U.S. District Judge Ronald Guzman, according to the Chicago Tribune, said in sentencing Staral on charges of bankruptcy and wire fraud that "he'd never seen anyone in his nearly two decades on the bench who'd pulled off such a variety of scams over such a long period of time."

Staral basically was playing two sides of the coin simultaneously. While he was negotiating a $1 million purchase of the Rush, he was telling bankruptcy judges that he was essentially worthless in an effort to get out of a separate $1 million in debt. In further fraud, Staral didn't disclose he was on probation for his three prior criminal convictions or that he had failed in making $5,000-per-month restitution payments.

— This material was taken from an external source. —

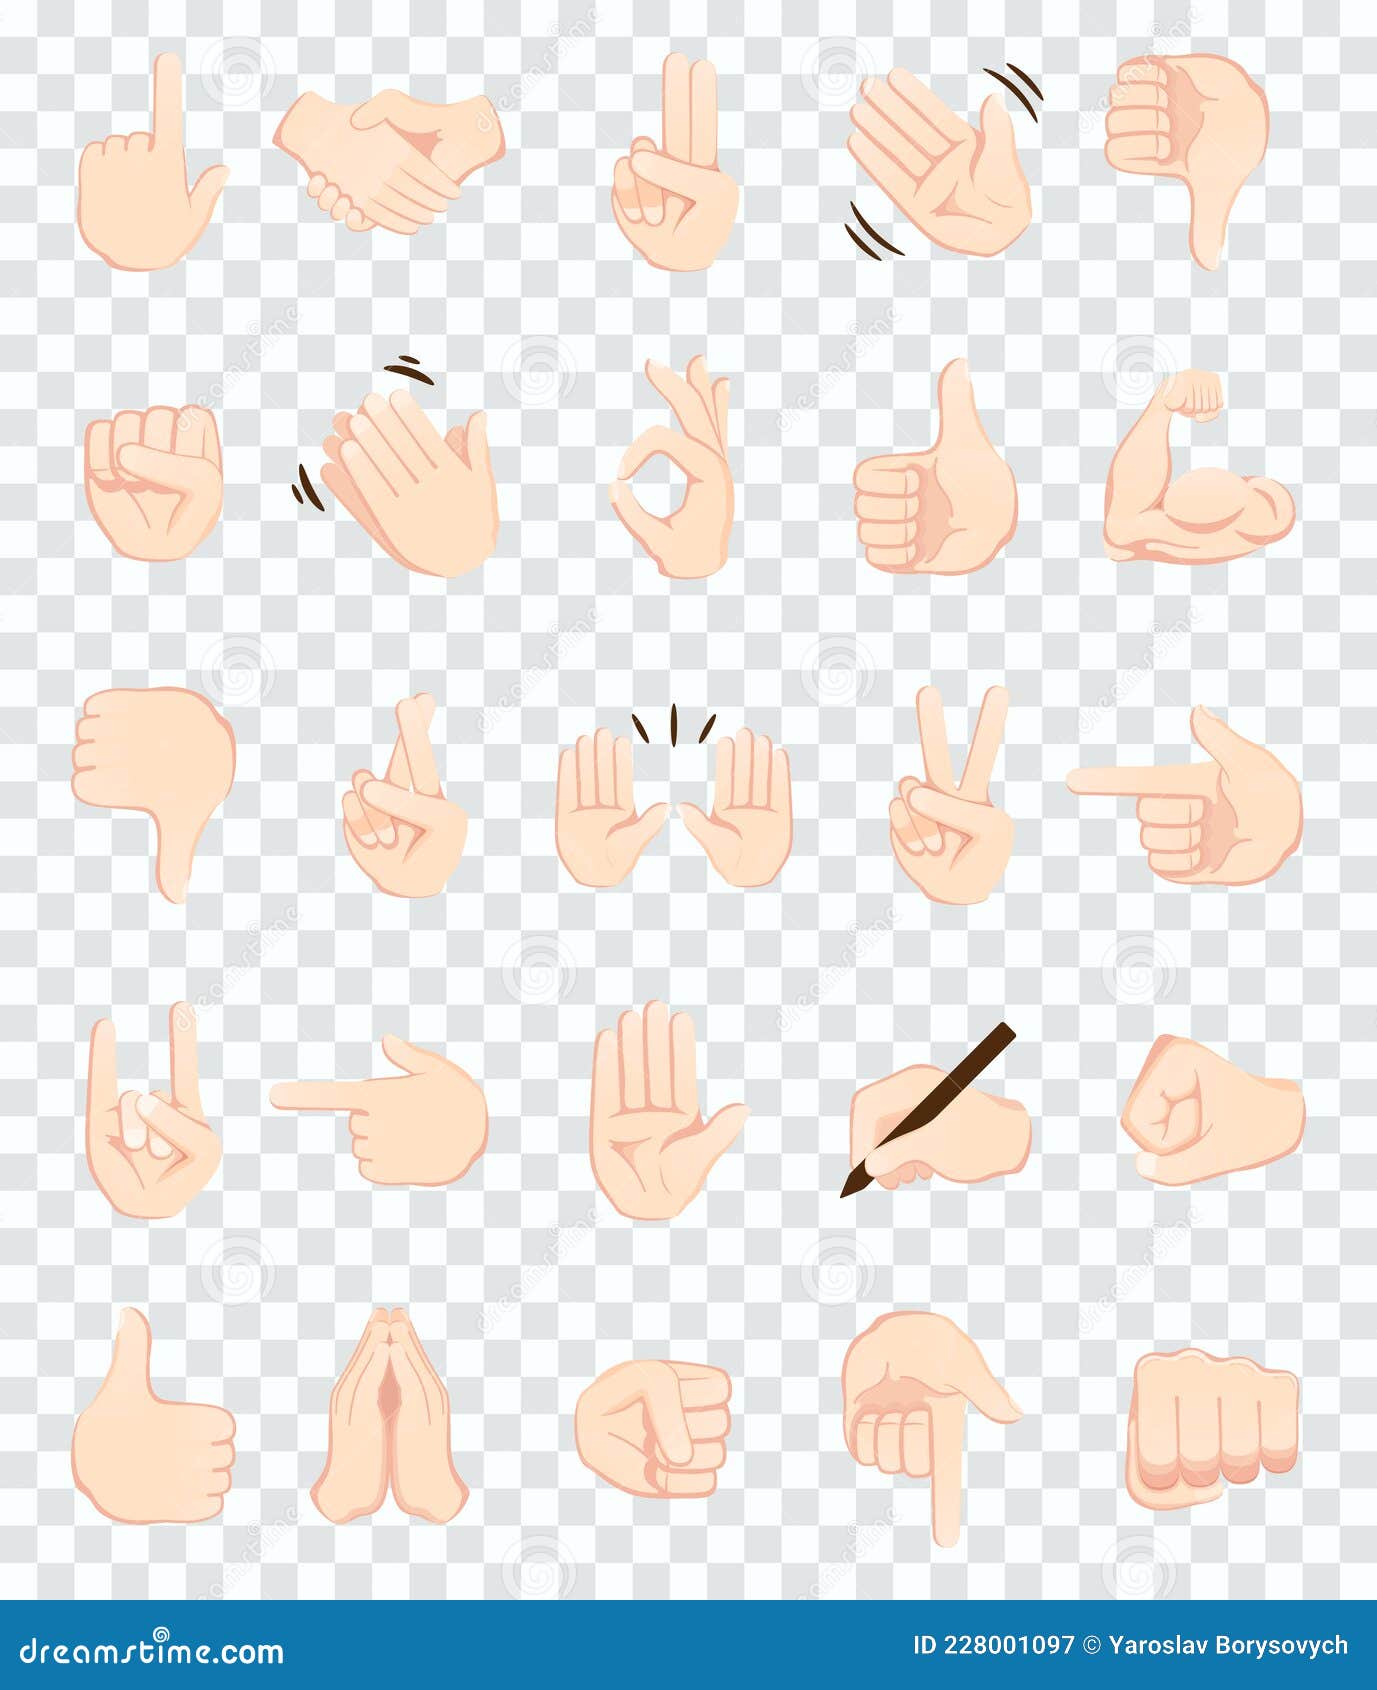 Handshake emoji gesture vector isolated icon illustration. Handshake  gesture icon Stock Vector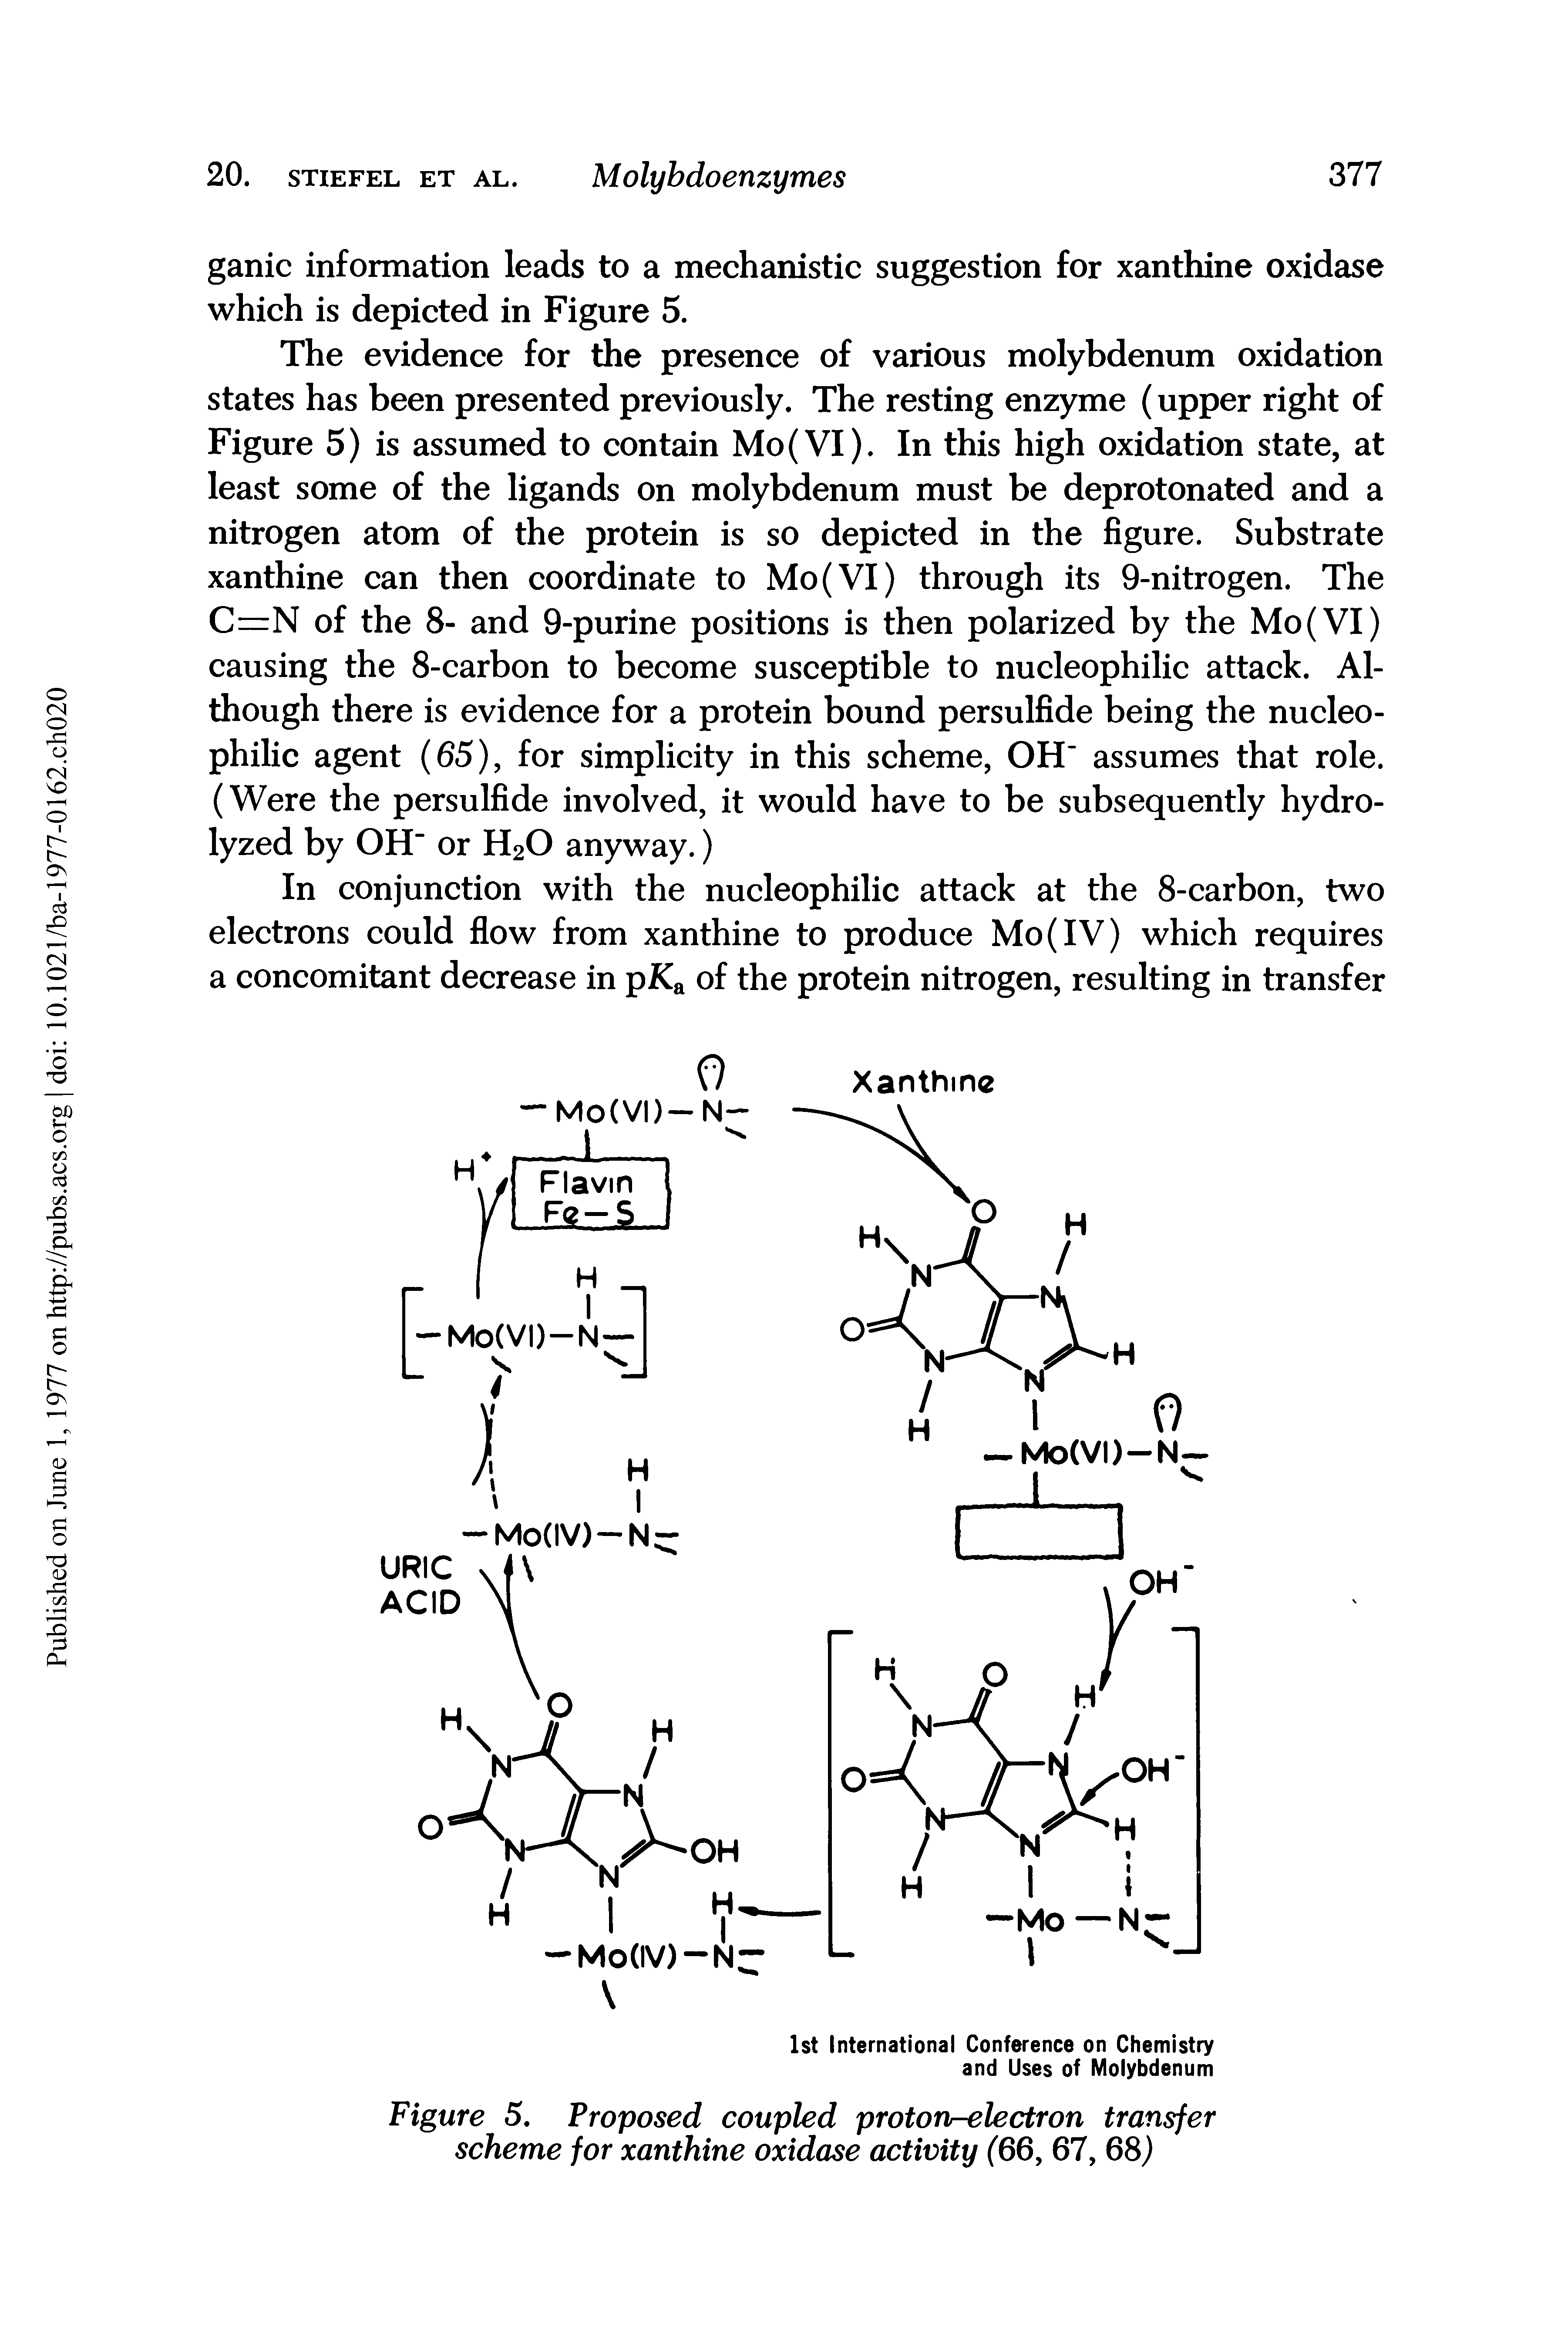 Figure 5. Proposed coupled proton-electron transfer scheme for xanthine oxidase activity (66, 67, 68)...

Staral used proceeds from Rush ticket sales to pay off personal debts, including a car payment and grocery bills. His story began to unravel when a $50,000 check bounced to team host Allstate Arena for home games. By midseason, he had lost ownership of the franchise. The AFL now exists with five teams, none of them in Chicago.

Before Guzman, Staral, now 38, said he was a changed man and had "done right be everybody." Staral, however, remains party in multiple civil suits alleging Ponzi-style schemes with investments into a variety of concocted ventures.

Prosecutors had been seeking anywhere from 41-51 months in prison in a sentencing memorandum.